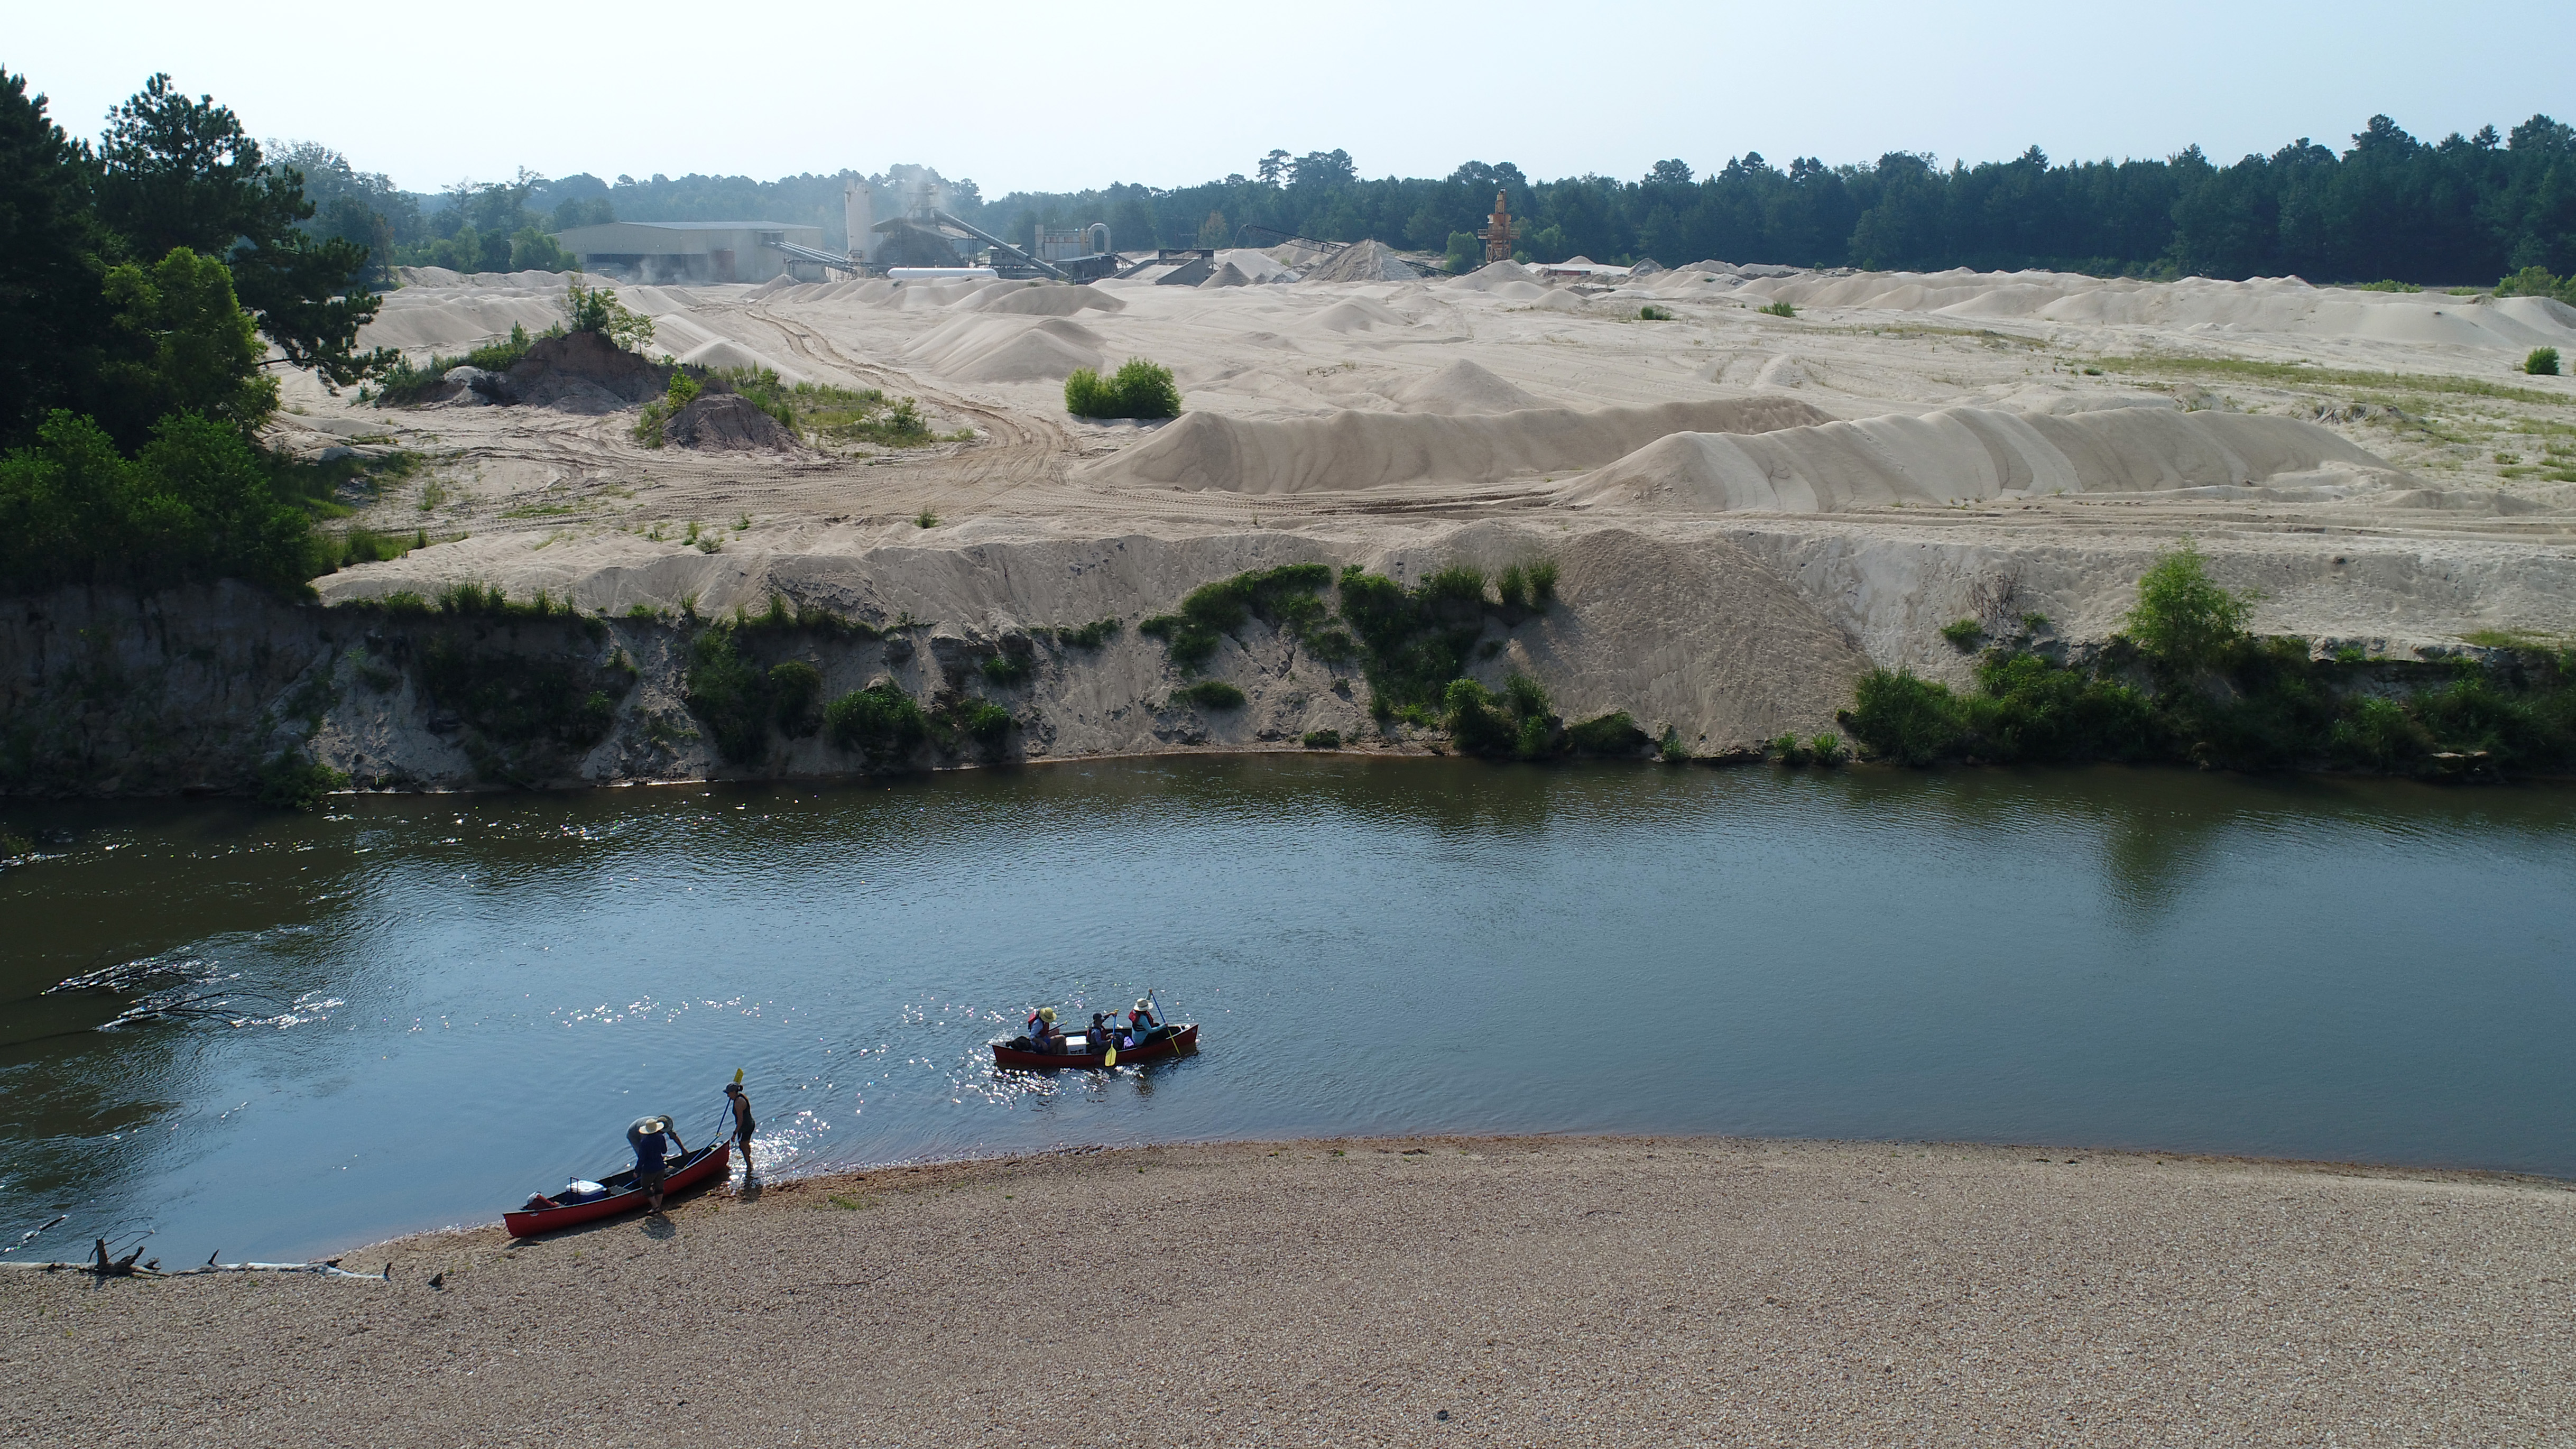 Drone Survey of a Sand & Gravel Mine on the Amite River
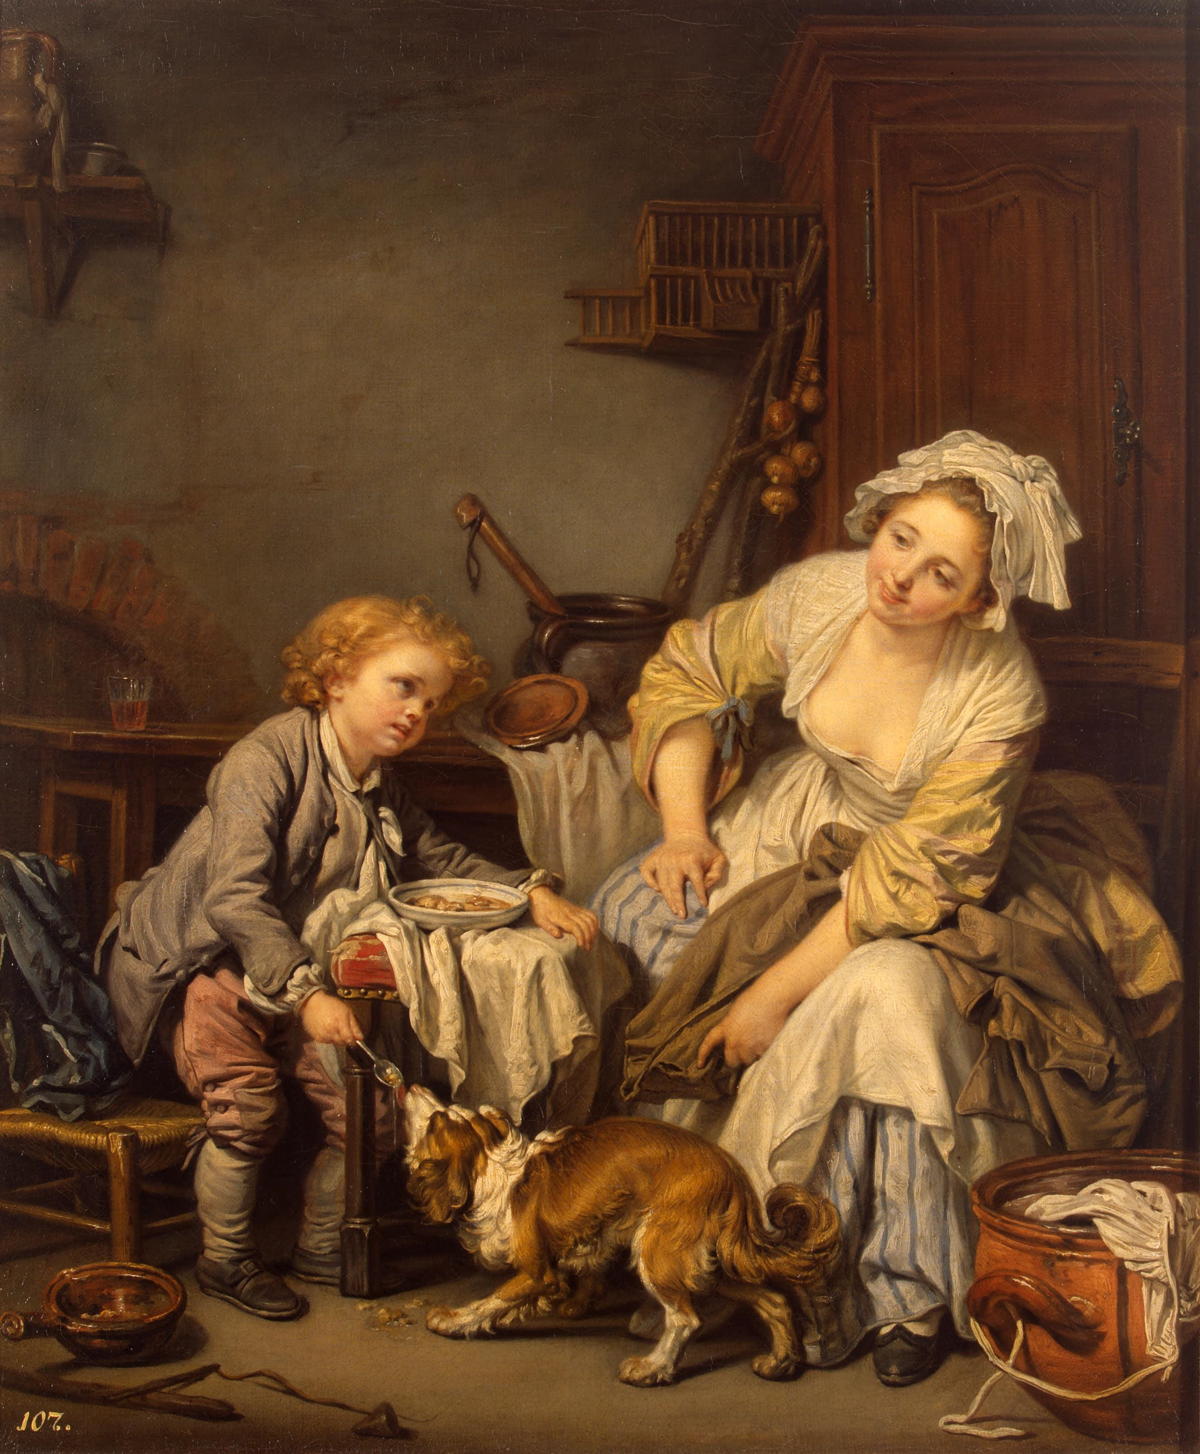 The Spoiled Child by Jean Baptiste Greuze
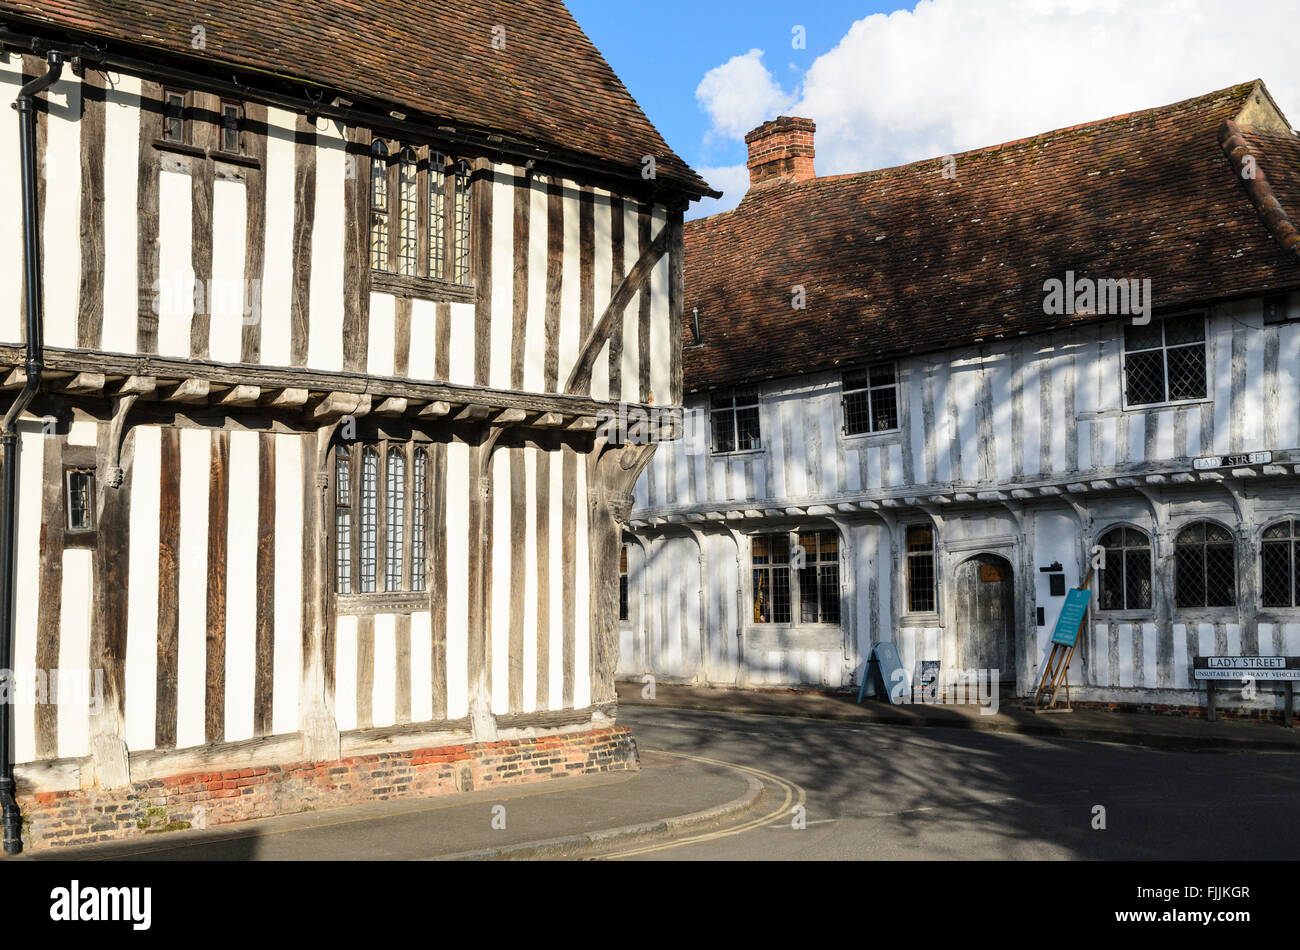 Traditional half-timbered medieval builidings in Lavenham, Suffolk, England, UK. Stock Photo

## TASK DESCRIPTION
What is needed is a verbatim copy of the lines from the line with "The Spoiled Child by Jean Baptiste Greuze" through the last line of the listing, pictures excluded.

## TASK OUTPUT
 The Spoiled Child by Jean Baptiste Greuze
 Traditional half-timbered medieval builidings in Lavenham, Suffolk, England, UK. Stock Photo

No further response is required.